A new report based on the trove of NSA documents leaked to journalists last year by Edward Snowden says the agency's UK counterpart, the GCHQ, spied on German Internet firms, and it provides more information on the NSA's efforts to monitor German Chancellor Angela Merkel.

The report, published in German magazine Der Spiegel, quotes one of the documents as saying that Britain's Government Communications Headquarters sought "development of in-depth knowledge of key satellite IP service providers in Germany," with an eye toward, as the publication puts it, "developing wider knowledge of Internet traffic flowing through Germany."
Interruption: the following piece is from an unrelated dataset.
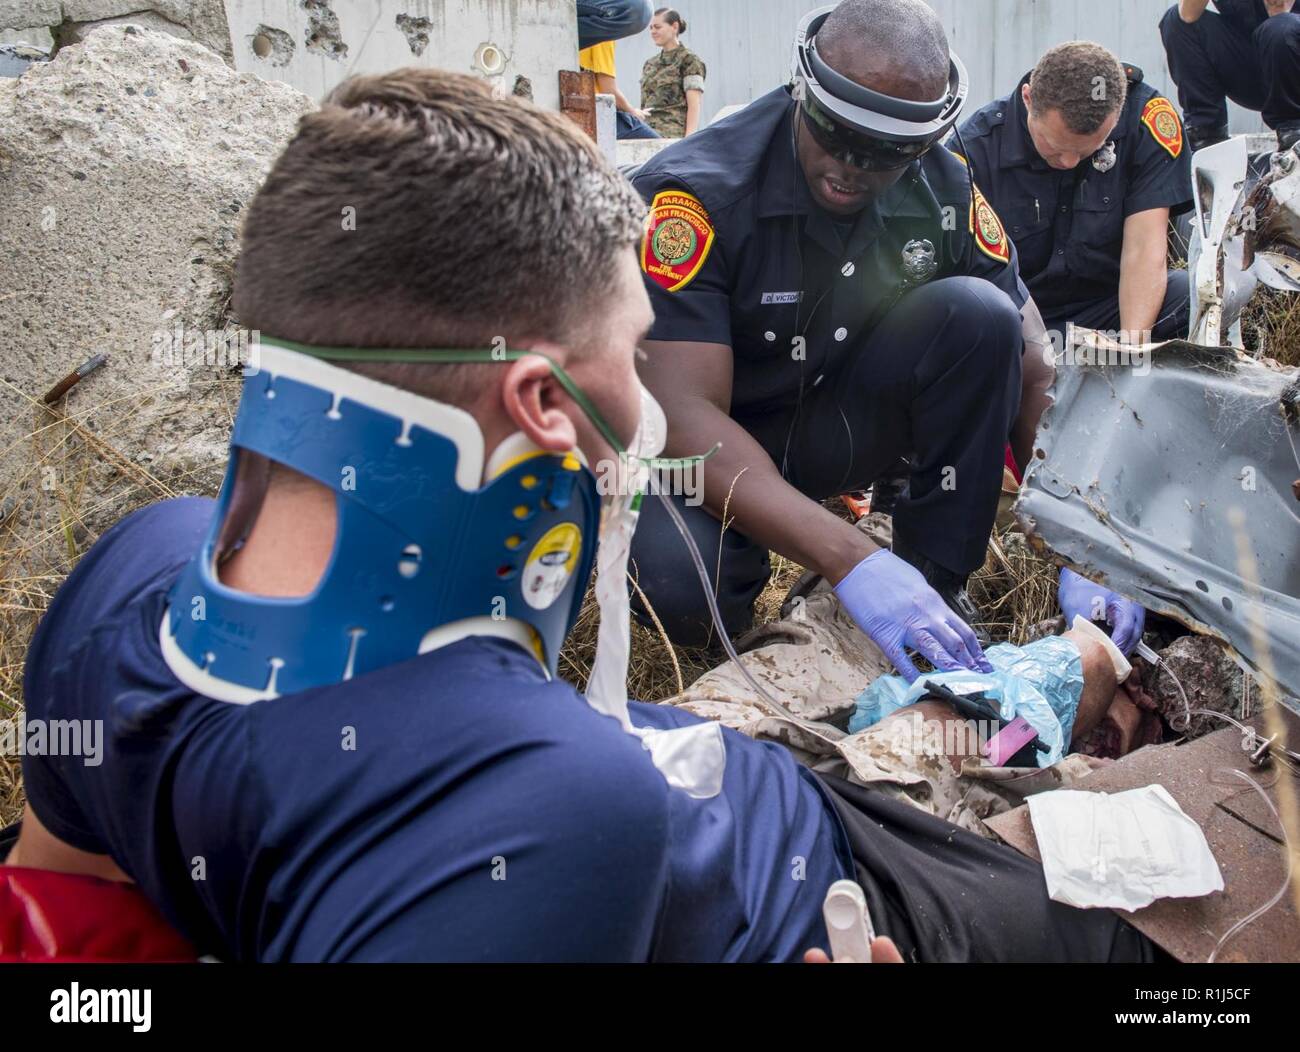 SAN FRANCISCO (Oct. 3, 2018) Damon Victor (right), a paramedic assigned to the San Francisco Fire Department, holds pressure on the amputation site of a simulated patient’s leg while using augmented reality glasses to update a doctor in San Diego about the mock patient’s status as part of a tele-medical training exercise during San Francisco Fleet Week (SFFW) 2018. SFFW is an opportunity for the American public to meet their Navy, Marine Corps and Coast Guard teams and experience America's sea services. During fleet week, service members participate in various community service events, showcas Stock Photo

Those companies included Stellar, which uses ground stations and leased satellite capacity to provide Net and phone service to remote locations such as refugee camps, oil-drilling platforms, and foreign offices of corporations and international organizations.

The GCHQ was not only interested in surveilling Net traffic, it also wanted to, Der Spiegel reports, "identify important customers of the German teleport providers, their technology suppliers as well as future technical trends in their business sector," and the intelligence outfit also targeted company employees, especially engineers, for monitoring.

The report also discusses the NSA's "automated machine-driven administration of collected information about high-value targets" and cites one of the Snowden documents as saying that "Nymrod," an automated name-recognition system, generated approximately 300 citations for Merkel.

The documents apparently also include a year-old report by the NSA's Special Sources Operations division -- tasked with securing access to fiber optic cables and other Net backbone structures -- that shows that on March 7, 2013, the US Foreign Intelligence Surveillance Court authorized the NSA to monitor "Germany."

The Spiegel report again raises the question of whether the NSA and its partner agencies use their powers to conduct economic espionage (something these agencies deny). It's also potentially another smudge on the overseas reputation (and bottom line) of US companies, which some people worry are beholden to the NSA. And it contributes to pressure on US President Barack Obama to follow through on promises he made during his January 17 NSA reform speech.

In that speech, Obama said that "unless there is a compelling national security purpose -- [the US] will not monitor the communications of heads of state and government of our close friends and allies." He also said a then-newly issued presidential directive makes it clear that NSA programs should not be used for "indiscriminately reviewing the e-mails or phone calls of ordinary people," to "suppress criticism or dissent," or to "provide a competitive advantage to US companies, or US commercial sectors."

After a none-too-subtle game of semantics by the White House last October, regarding potential surveillance of Merkel, anonymous US officials told The Wall Street Journal that the US had, indeed, spied on the German leader but that the program had been stopped.

During a congressional hearing later that month, Director of National Intelligence James Clapper was asked about spying on the heads of foreign governments. He called such monitoring of "leadership intentions" a "hardy perennial" of the intelligence trade and said it was one of the first things he learned in intelligence school back in 1963. He also answered "absolutely" when asked if US allies had spied on the states.